(in other official languages)
| Afrikaans | Suider-Afrikaanse Ontwikkelingsgemeenskap |
| French | Communauté de développement d'Afrique australe |
| Portuguese | Comunidade para o Desenvolvimento da África Austral |
| Swahili | Jumuiya ya Maendeleo ya Nchi za Kusini mwa Afrika |
- Motto: "Towards a Common Future"
- Anthem: "SADC Anthem"
- Map of Africa indicating SADC (light green) and SADC+SACU (dark green) members
- Headquarters: Gaborone
- Largest city: Kinshasa
- Working languages: English; French; Portuguese; Swahili;
- Demonym: Southern African
- Type: Intergovernmental
- Membership: 16 states Angola ; Botswana ; Comoros ; DR Congo ; Eswatini ; Lesotho ; Madagascar ; Malawi ; Mauritius ; Mozambique ; Namibia ; Seychelles ; South Africa ; Tanzania ; Zambia ; Zimbabwe ;

Leaders
- • Summit Chairperson: Cyril Ramaphosa
- • Council Chairperson: Ronald Lamola
- • SADC PF Chairperson: Siteny Randrianasoloniaiko
- • Executive Secretary: Elias Mpedi Magosi
- Legislature: SADC Parliamentary Forum

Establishment
- • as SADCC: 1 April 1980
- • as SADC: 17 August 1992

Area
- • Total: 9,672,702 km^{2} (3,734,651 sq mi)

Population
- • 2026 estimate: 430.51 million
- GDP (PPP): 2026 estimate
- • Total: $2.62 trillion
- • Per capita: $6,086
- GDP (nominal): 2026 estimate
- • Total: $957.38 billion
- • Per capita: $2,224
- Time zone: UTC+1 to +4
- Website www.sadc.int

= Southern African Development Community =

Inter-governmental organization

The Southern African Development Community (SADC) is an inter-governmental organization headquartered in Gaborone, Botswana.

== Goals ==
The SADC's goal is to further regional socio-economic cooperation and integration as well as political and security cooperation among 16 countries in southern Africa. Although its primary objectives are development, economic growth, and poverty alleviation, peacekeeping has become increasingly important to the SADC.

== History ==
The origins of SADC are in the 1960s and 1970s, when the leaders of majority-ruled countries and national liberation movements coordinated their political, diplomatic and military struggles to bring an end to colonial and white-minority rule in southern Africa. The immediate forerunner of the political and security cooperation leg of today's SADC was the informal Frontline States (FLS) grouping. It was formed in 1980.

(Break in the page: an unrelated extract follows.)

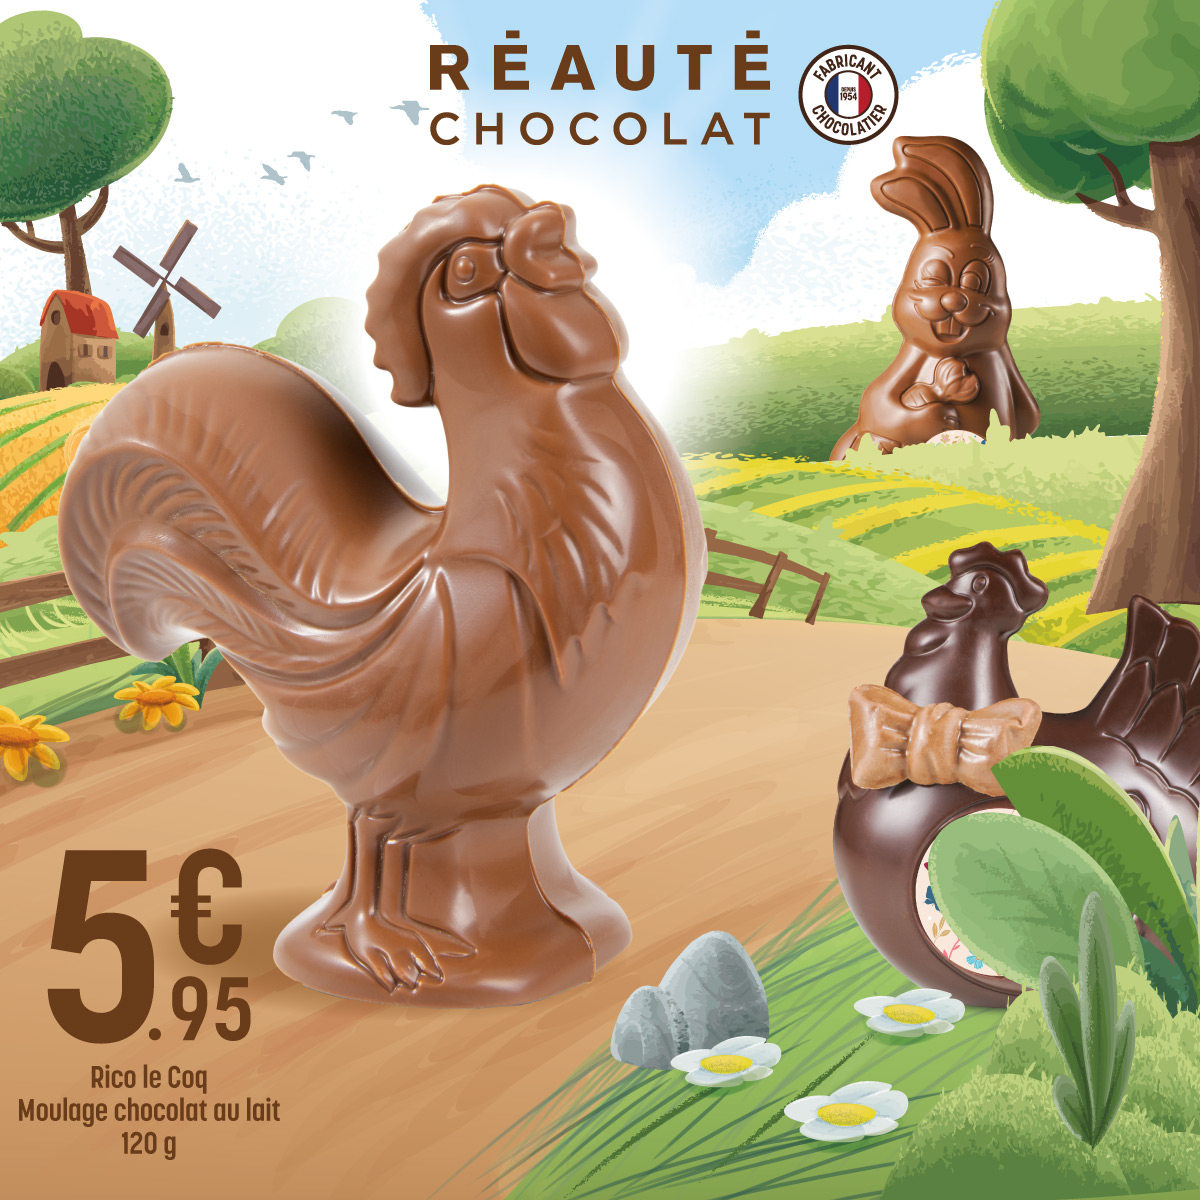 Be Green - Saint Parres - - actu reaute chocolat paques - 1

Flag of the SADCC (1980–1992)

The Southern African Development Coordination Conference (SADCC) was the forerunner of the socio-economic cooperation leg of today's SADC. The adoption by nine majority-ruled southern African countries of the Lusaka declaration on 1 April 1980 paved the way for the formal establishment of SADCC in April 1980.

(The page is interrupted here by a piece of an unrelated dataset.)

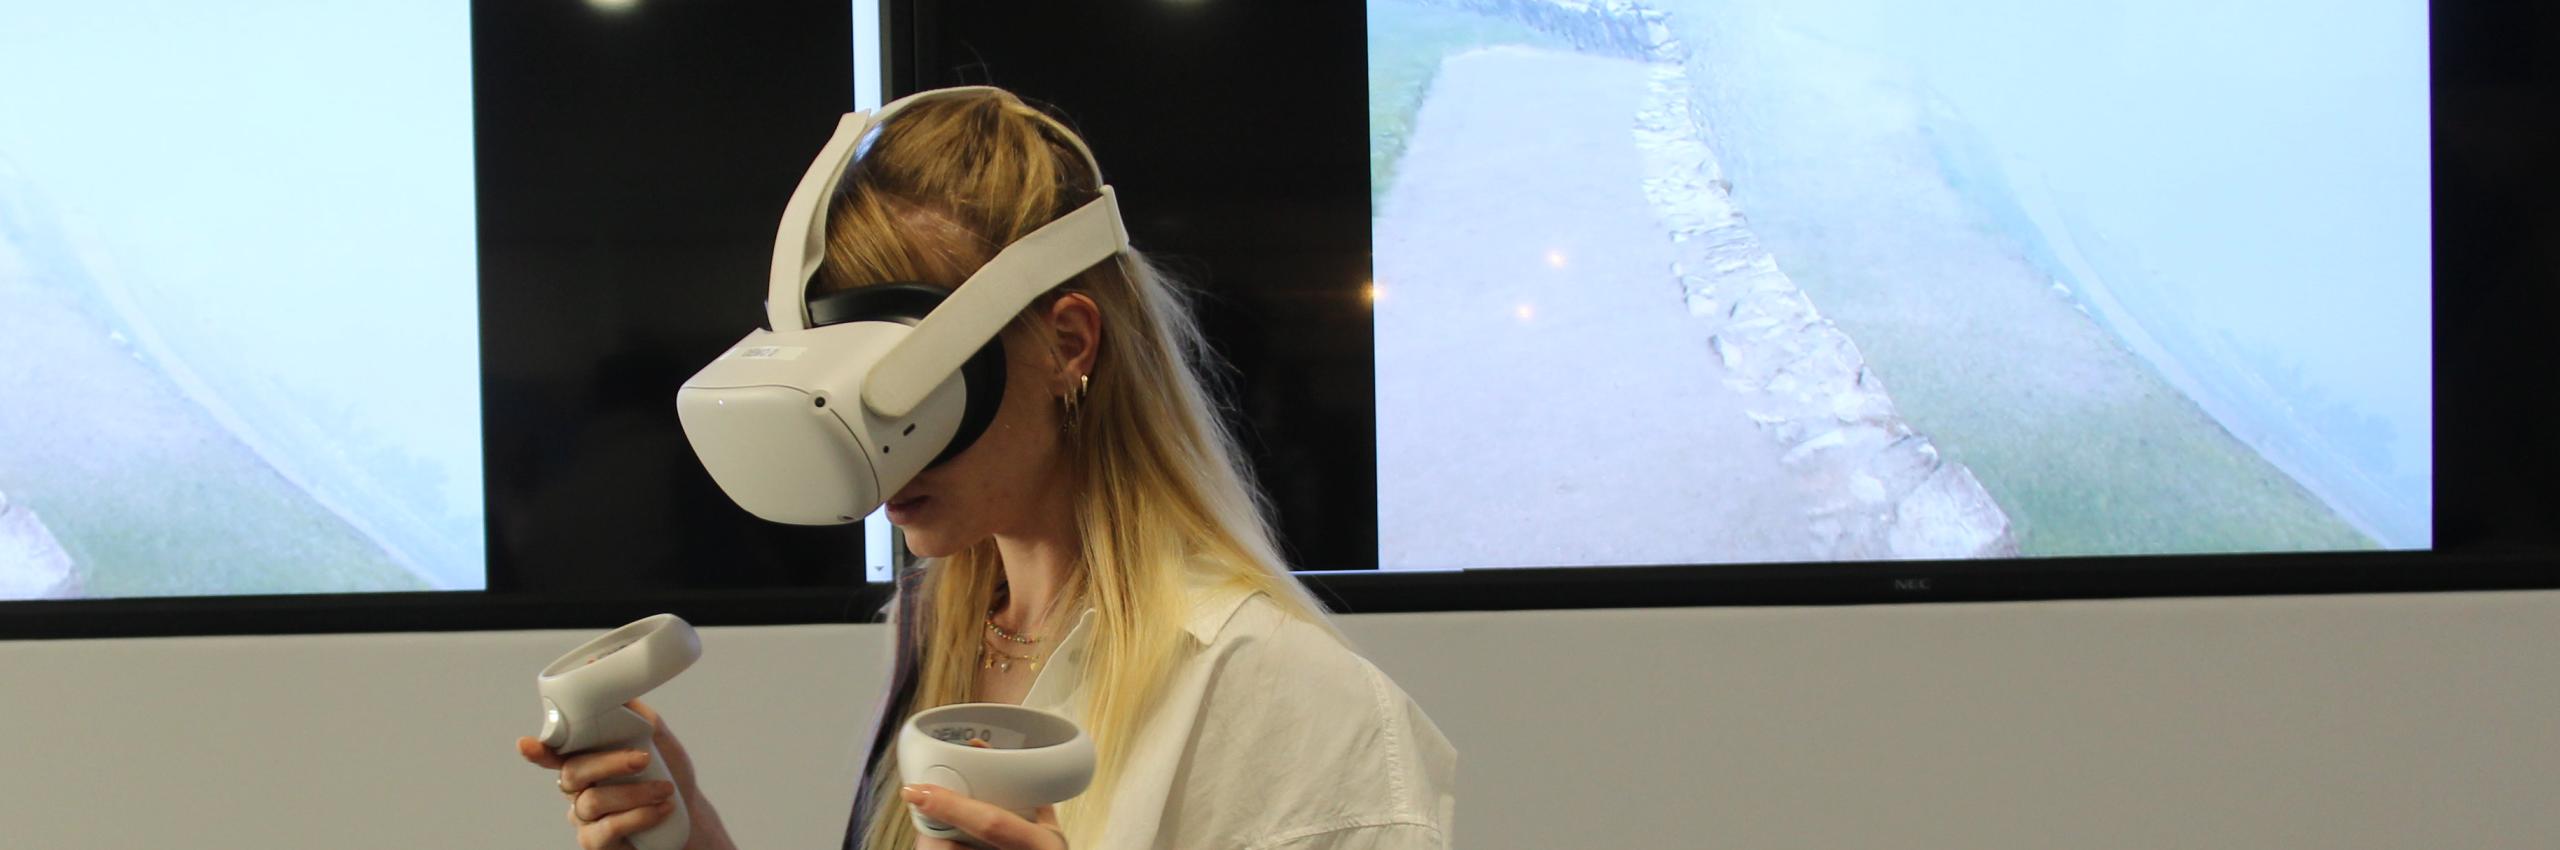 La realtà virtuale per la salute mentale

Membership of the FLS and SADCC sometimes differed.

SADCC was transformed into SADC on 17 August 1992, with the adoption by the founding members of SADCC and newly independent Namibia of the Windhoek declaration and treaty establishing SADC. The 1992 SADC provided for both socio-economic cooperation and political and security cooperation. In reality, the FLS was dissolved only in 1994, after South Africa's first democratic elections. Subsequent efforts to place political and security cooperation on a firm institutional footing under SADC's umbrella failed.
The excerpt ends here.